CLAY: — to get them to cover the economy in a better way, right? To basically propagandize them.
BUCK: I talked about this on the Buck Sexton podcast first thing in the morning yesterday, Clay, and I meant to bring it up here on the radio show because it’s amazing to see the level of desperation that exists with this Biden White House. When you’re the Biden White House and your go-to is, “Hey, media? You’re not friendly enough to us on the economy,” you’re basically telling them, “We’re gonna get annihilated in the midterms unless you start openly lying to people as much as you can possibly get away with.”
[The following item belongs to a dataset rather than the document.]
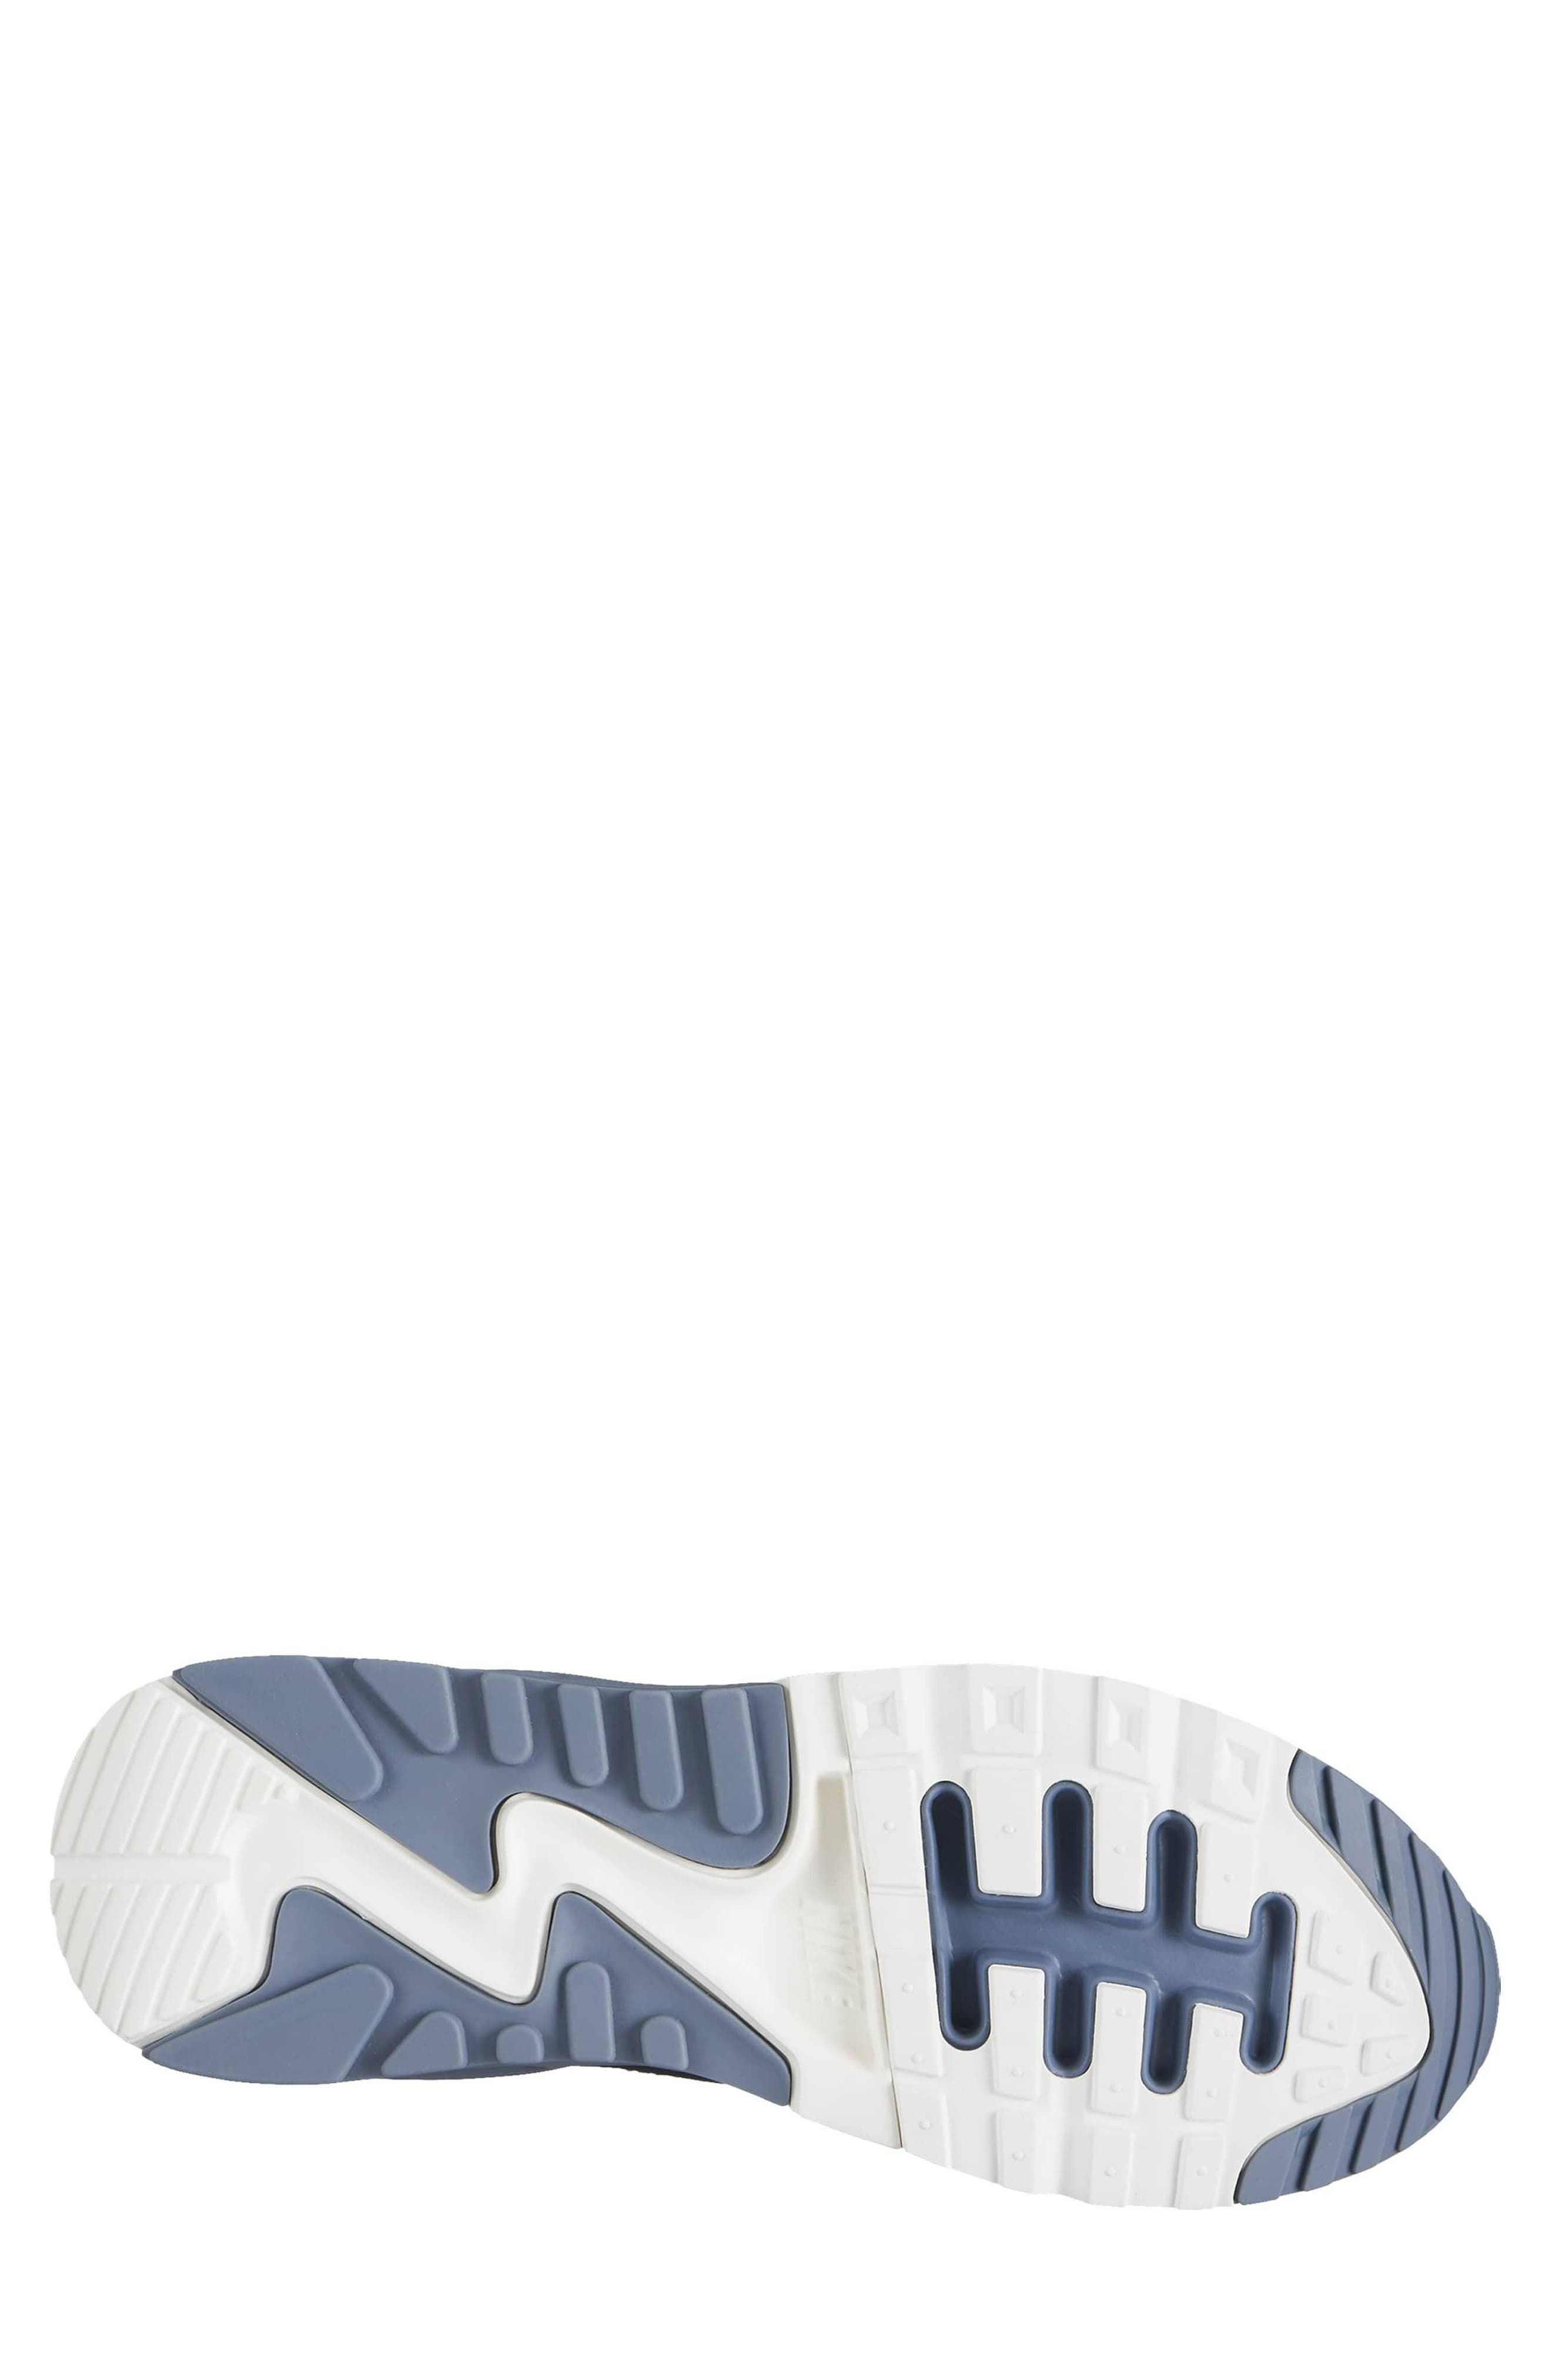 Air Max 90 Flyknit Ultra 2.0 Sneaker,                             Alternate thumbnail 15, color,

You can’t change the inflation number, right? But you gotta say things like, “Well, yeah, maybe inflation is really high, but this isn’t just a good economy. This isn’t just a good recovery. It’s the best economy we’ve ever seen! It’s amazing. You don’t even know how great this is.” That level of propaganda feels very Soviet or perhaps feels very Baghdad Bob with explosions going on around him.
But that’s what they’re going to need because otherwise — to your point about what is it about gas prices — people see it and feel it. What is it about inflation? People at the grocery store, they realize, “Hold on a second. I’m used to spending 50 bucks when I go, 40 bucks when I go, and I just spent 8, 10, 12, 15, 20% more.” People notice that.
All Joe Biden is doing is trying to get us close to back where Donald Trump had us in February of 2020, and this propagandizing, this idea that the economy is stronger than it’s ever been before? It’s a lie, the American public sees through, and it’s a sign of how desperate the Biden White House is to try to convince all of us that what we’re seeing is not the reality.